Plaeger is Restoration Coordinator for Bark, a Portland-based environmental group that opposes logging in Mt. Hood National Forest. Gatz is Environmental Coordinator for the Hood River Ranger District, and chief proponent of a 7,000-acre “fuel reduction” project on the north side of Mount Hood that Plaeger and Bark strenuously oppose.

The two men hold such divergent views on Polallie Cooper Spur that it seems doubtful at times that they are talking about the same project. In Gatz’s words, Polallie Cooper Spur is an initiative to protect forests and surrounding communities by carefully restoring the forest to health. In Plaeger’s estimation it is a timber sale masquerading as a fuel reduction project that would endanger the Crystal Springs Watershed and harm popular hiking and biking trails including the Dog River mountain bike trail.

They may not agree on the proposed solution, but they do agree on the cause for the problem.

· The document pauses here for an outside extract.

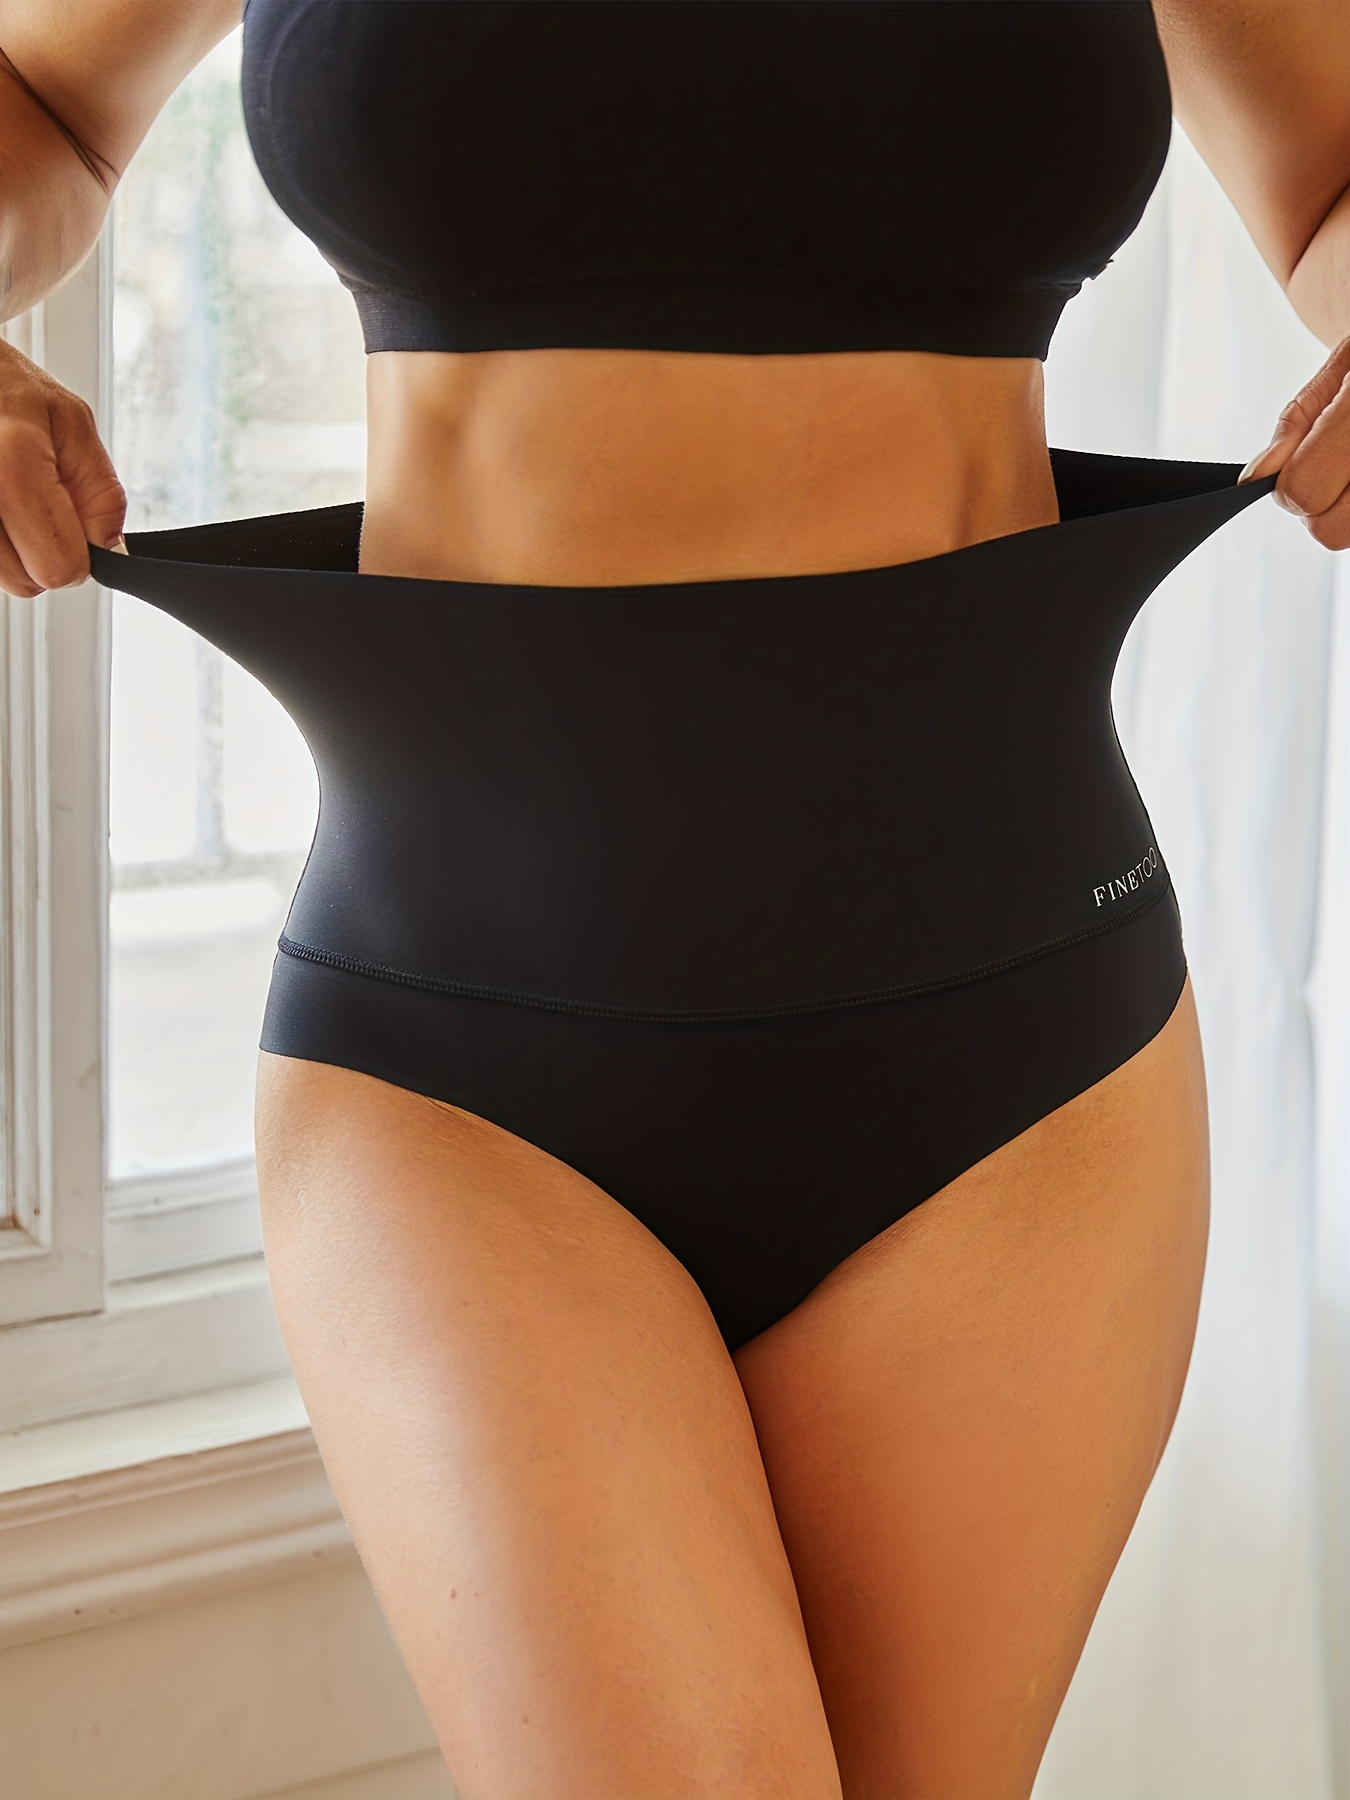 FINETOO High Waisted Thongs for Women Tummy Control Underwear Soft
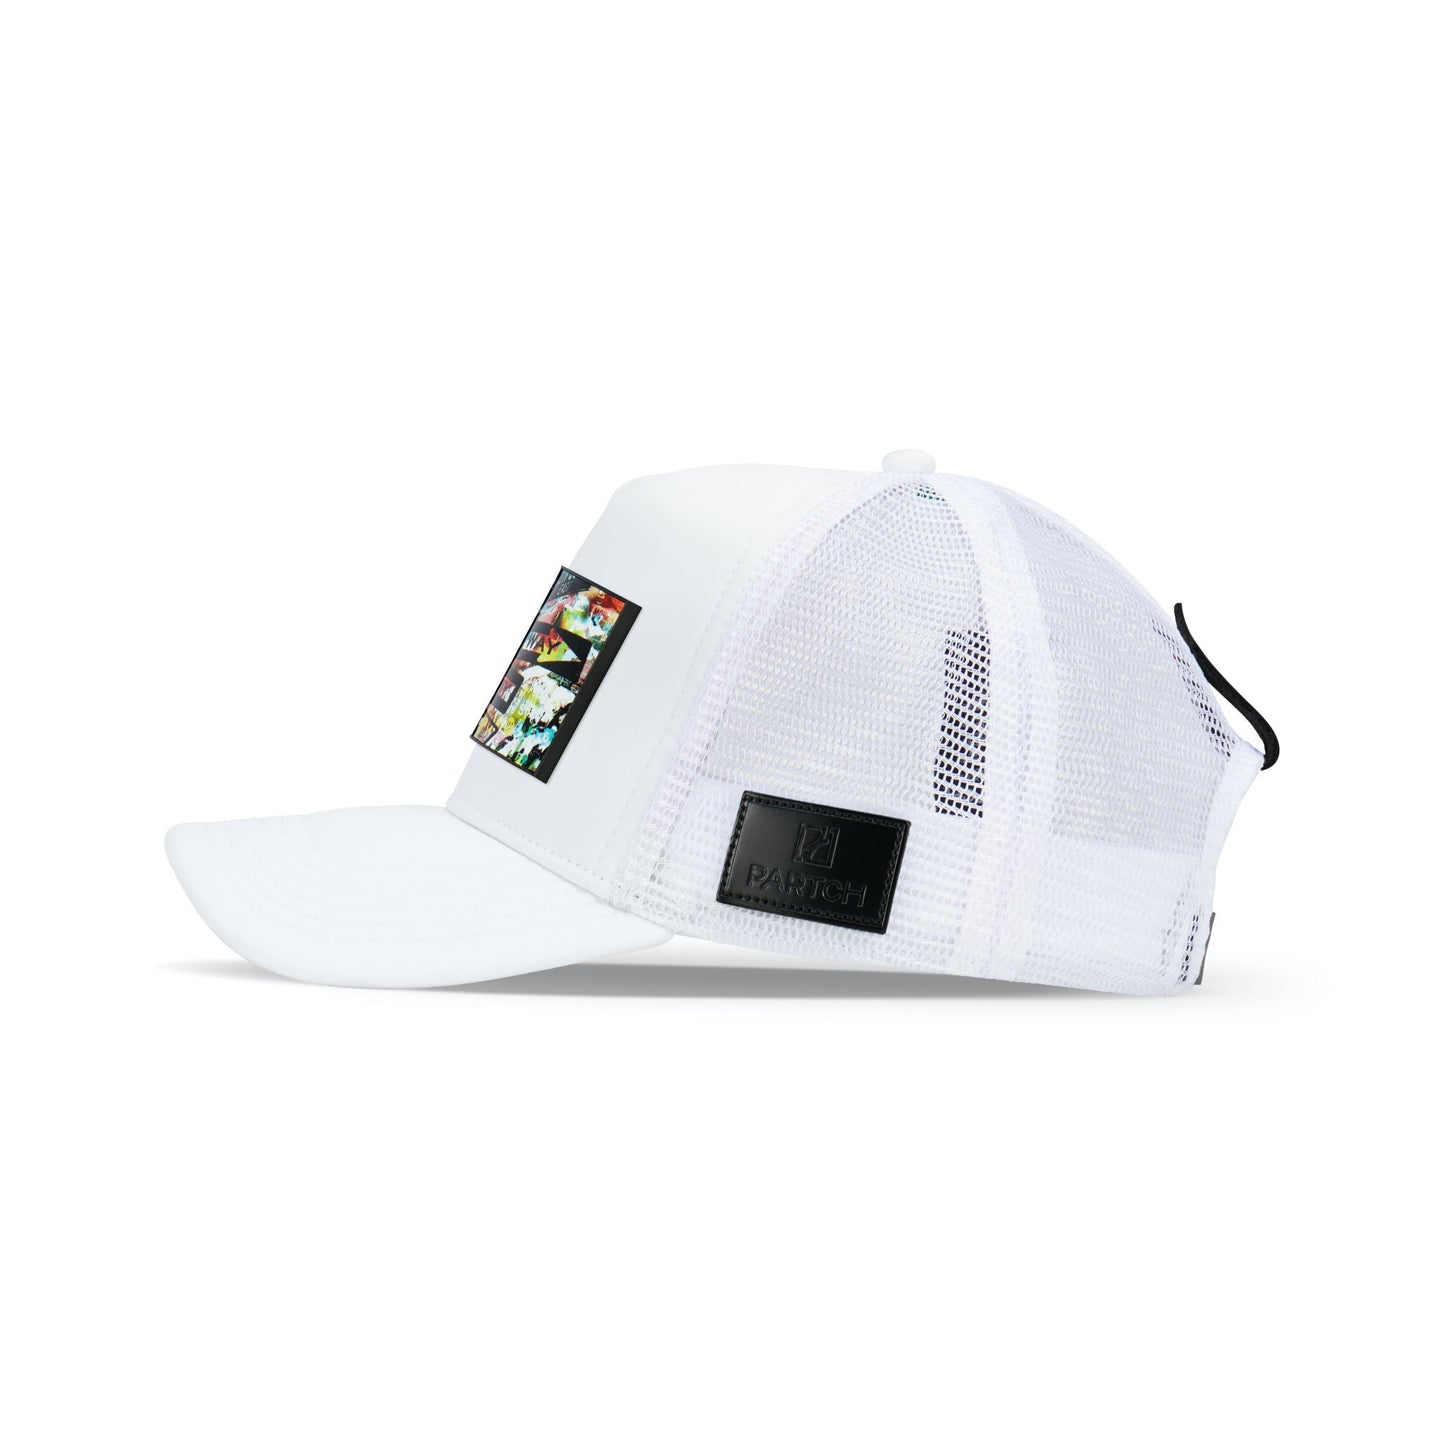 Partch Trucker Hat White with PARTCH-Clip Unixvi Side View

“We’ve done 100 years of stopping every single fire,” says Gatz, “and when that happens you end up with a lot of small-diameter stuff that would normally get burned up in periodic fires, and it creates a real hazard.”

“A lot of these forests, especially on the east side of Mount Hood, evolved with fire, and we have excluded fire for well over a century,” adds Plaeger. “That policy is catching up with us and the forests now. Because, yes, there are a lot of fuels in the forest.”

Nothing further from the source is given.